邱子源收笔而立,唇角勾起一抹意味深长的弧度。
三场比试几乎在同一时间结束,楚子阳、孟风和邱子源都以压倒性的优势击败了各自的对手,赢得了一片叫好声。
他们的胜利,无疑为各自宗门赢得了巨大的声誉。
娘亲裴昭霁坐在观礼席上,神色清冷如常,看不出半分喜怒。
她双手交叠,姿态端庄,那张绝美的仙颜上波澜不惊,仿佛对眼前的一切都漠不关心。
然而,她的指尖却不自觉地在膝盖上轻轻摩挲,那微不可察的动作,却暴露了她内心深处隐藏的焦急与不安。
她清楚地知道,虽然她的琪儿如今已能与那兵家猛士打得有来有回,但相较于楚子阳、孟风和邱子源的游刃有余,我的表现,还远远达不到“技惊四座”的程度。
人宗的声威,需要一个更加耀眼的开场。
“琪儿……你可别让为娘失望……”
她心中默默念着,目光投向我所在的擂台,那双深邃的凤眸中,隐隐闪过一丝担忧。
与那兵家子弟的交手,我才真正体会到实战与观中演练的天壤之别。
擂台之上,气流激荡,每一次兵刃的碰撞都带着呼啸的劲风,震得我双臂发麻。
在紫薇观时,我都是独自一人练刀,面对的只是木桩和虚无的幻象,从未有过这样与活生生的人,且是身经百战的兵家子弟,进行真正的对战。

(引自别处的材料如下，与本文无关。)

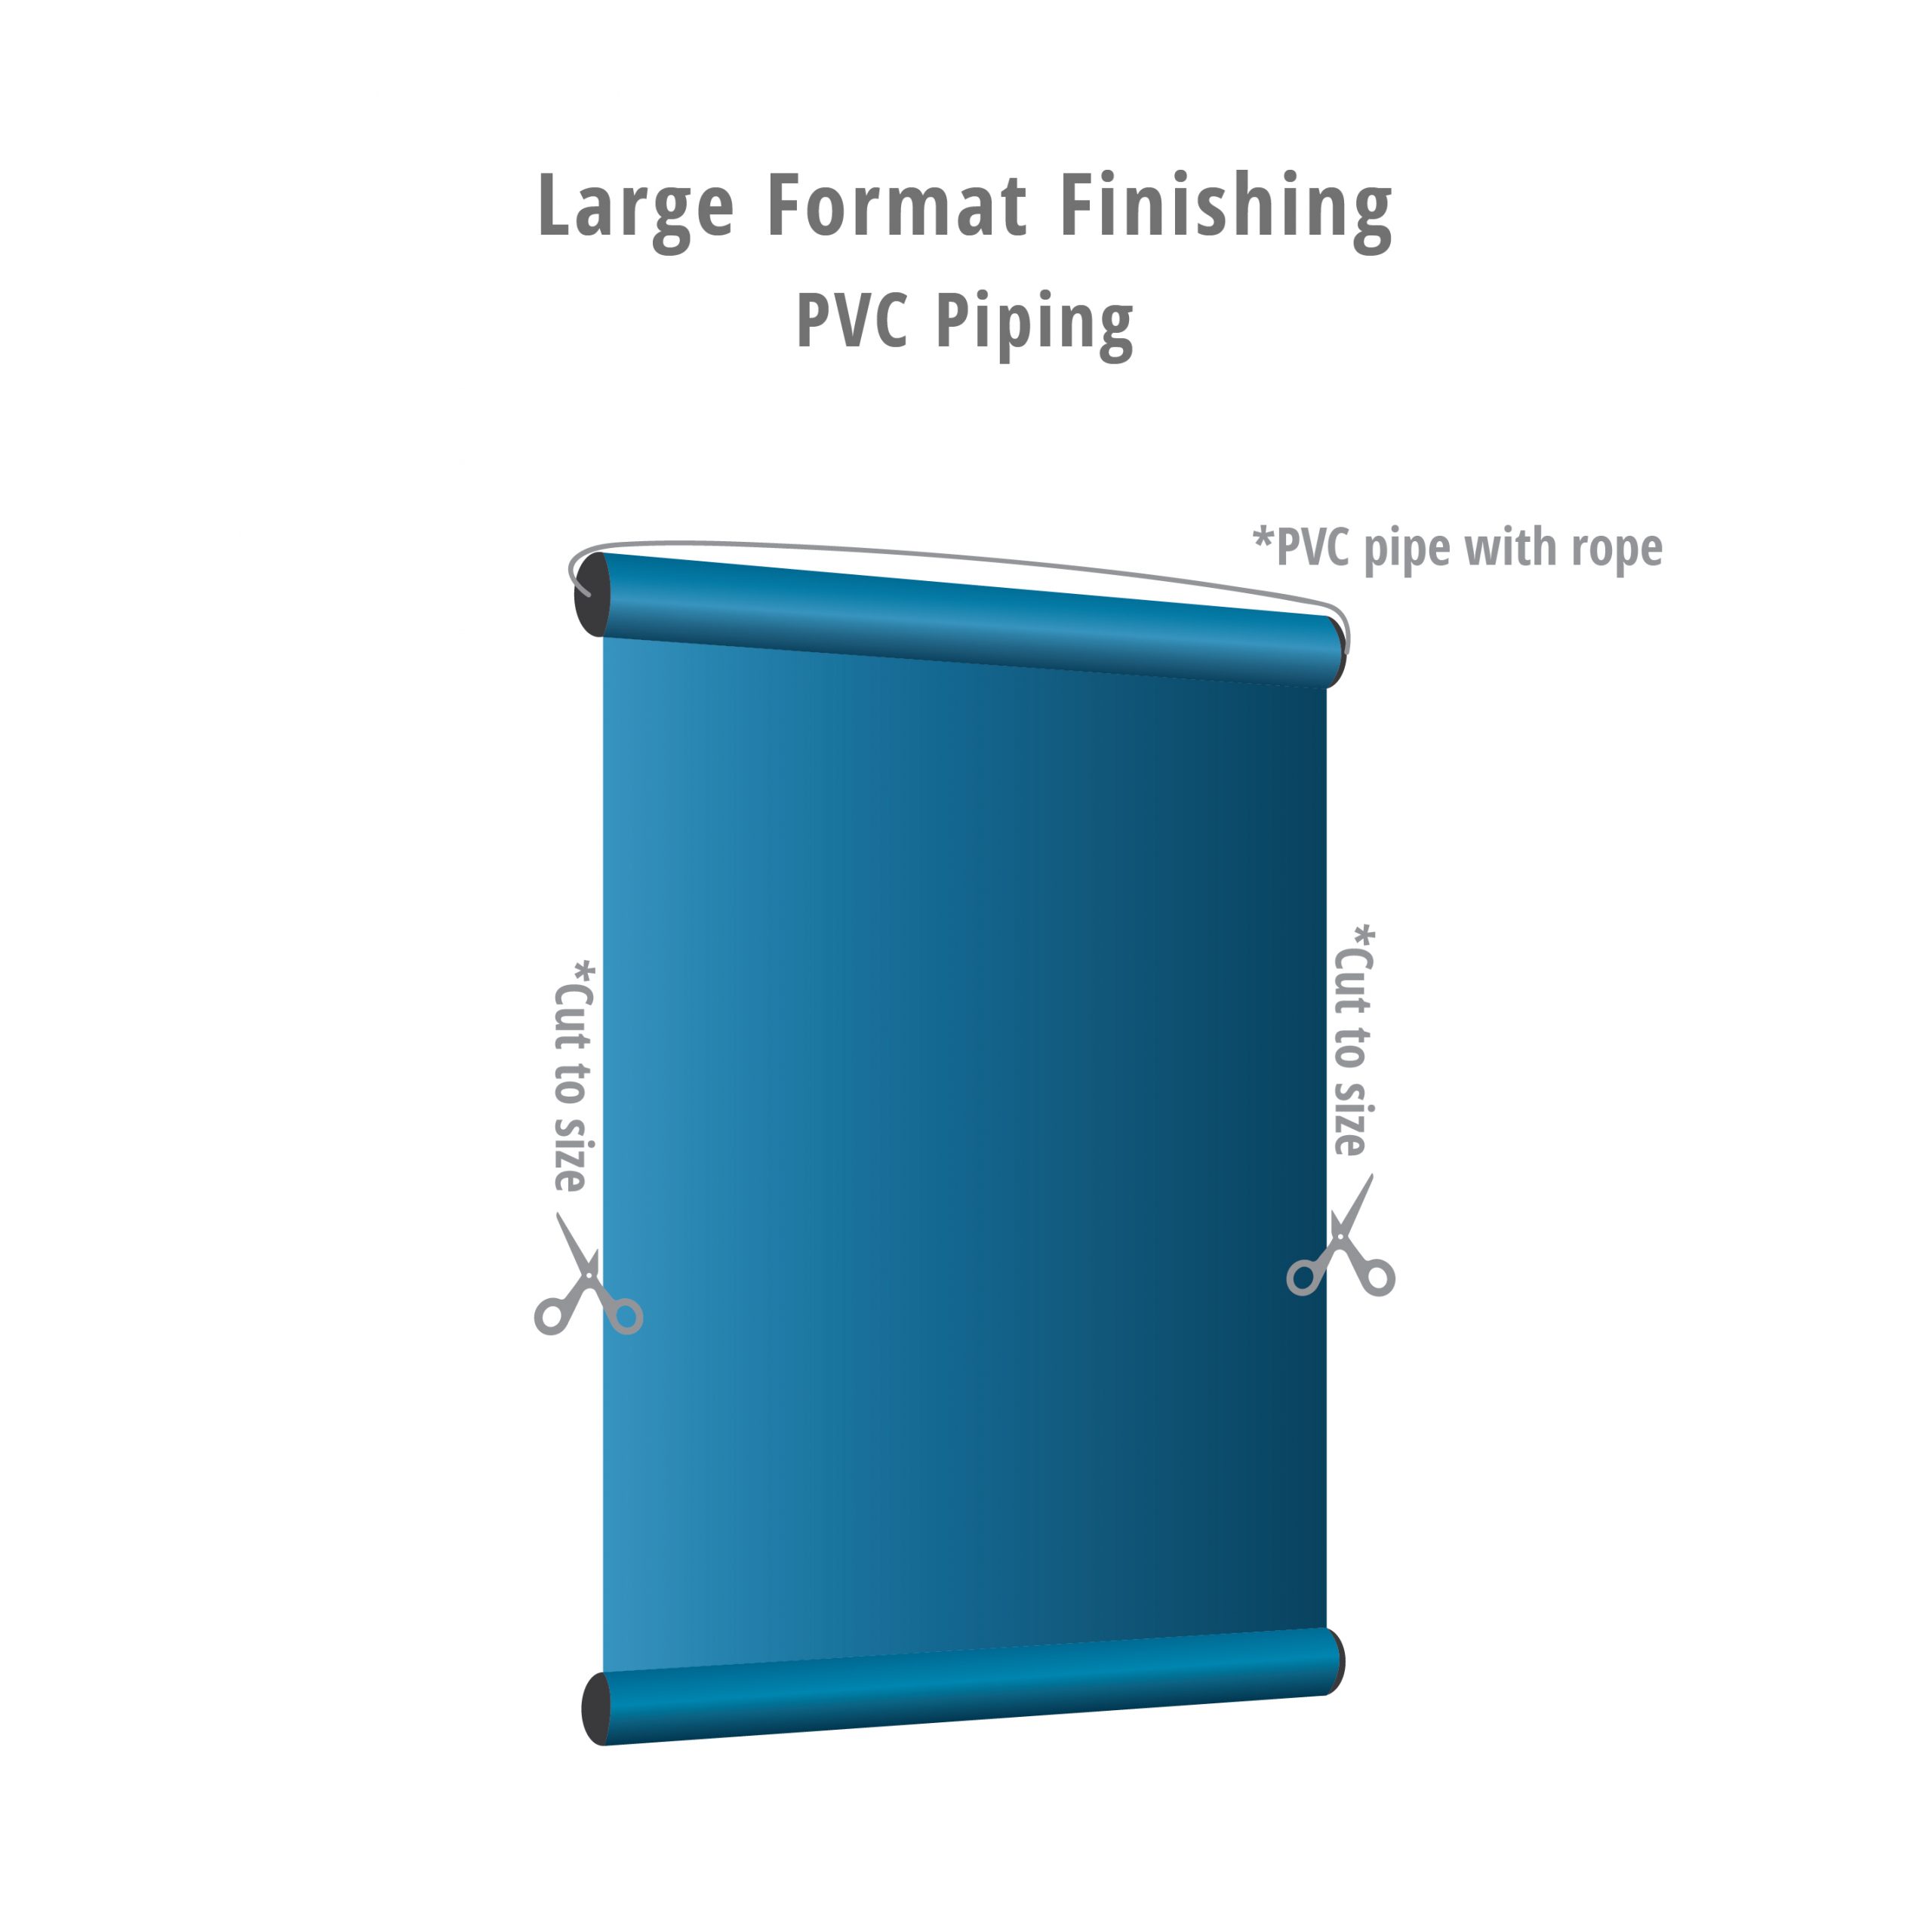 PVC Piping

他身形魁梧,每一下挥舞开山斧都势大力沉,带着一股一往无前的冲劲,逼得我连连后退,险象环生。
“喝!”
那兵家子弟又是一声怒吼,开山斧裹挟着强大的真元力,自上而下猛劈而来。
斧刃未至,一股磅礴的压迫感已让我呼吸一滞。
我下意识地侧身闪避,斧刃擦着我的面颊划过,带起一阵凛冽的寒风,甚至割裂了我鬓边的几缕发丝。
我深知再与他硬碰硬,我占不到丝毫便宜。
兵家子弟,天生便是战场上的猛兽,他们的兵器与武艺,经过无数次厮杀的锤炼,远胜于我这种偏重道法修行的弟子。
若要取胜,我必须另辟蹊径。
眼神一凝,我不再选择硬抗,而是脚下步伐一变,身形如风般迅速围绕着那兵家子弟高速移动。
这兵家子弟虽勇猛,但身法显然不如我灵活。
我在闪避的同时,体内真元急剧运转,如同山洪暴发般涌向双臂。
“《气焱绝》!”
我低喝一声,双刀之上,赤红色的火焰猛然暴涨,将刀身完全吞噬,如同两条舞动的火龙。
那灼热的气息瞬间充斥了擂台,将那兵家子弟周身的凌厉杀气都消弭了几分。
“哦?兵家的一术二决之一《气焱绝》!”
那兵家子弟见状,眼中闪过一丝惊讶,显然他认出了我所用的功法。
他虽然有些意外,但攻势却并未减缓,反而更加狂猛。
然而,在《气焱绝》的加持下,我的双刀变得炙热而锋利,每一次挥舞都能带起一道道炽热的刀罡,将他逼得不得不有所顾忌。
我没有与他正面硬拼,而是充分发挥我的身法优势。
我利用《气焱绝》的火焰对他的行动范围进行限制,逼迫他只能在我预设的区域内活动。
每一次他试图突破,我的双刀便会带着呼啸的火劲,从意想不到的角度袭向他的侧翼或后背。
他不得不举斧格挡,但那沉重的开山斧在高速移动中显得愈发笨拙。
数个回合后,那兵家子弟已经显得有些气喘吁吁。
他虽然体魄强健,但在我的火焰刀锋和灵活走位的双重压制下,体力消耗巨大。
他的斧法开始出现破绽,招式间也少了之前的衔接流畅。
抓住他一个旧力已尽、新力未生之际,我猛地加速,双刀交错,一刀撩向他的持斧手腕,一刀直取他胸前破绽。
他来不及完全回防,只得勉强用斧柄格挡。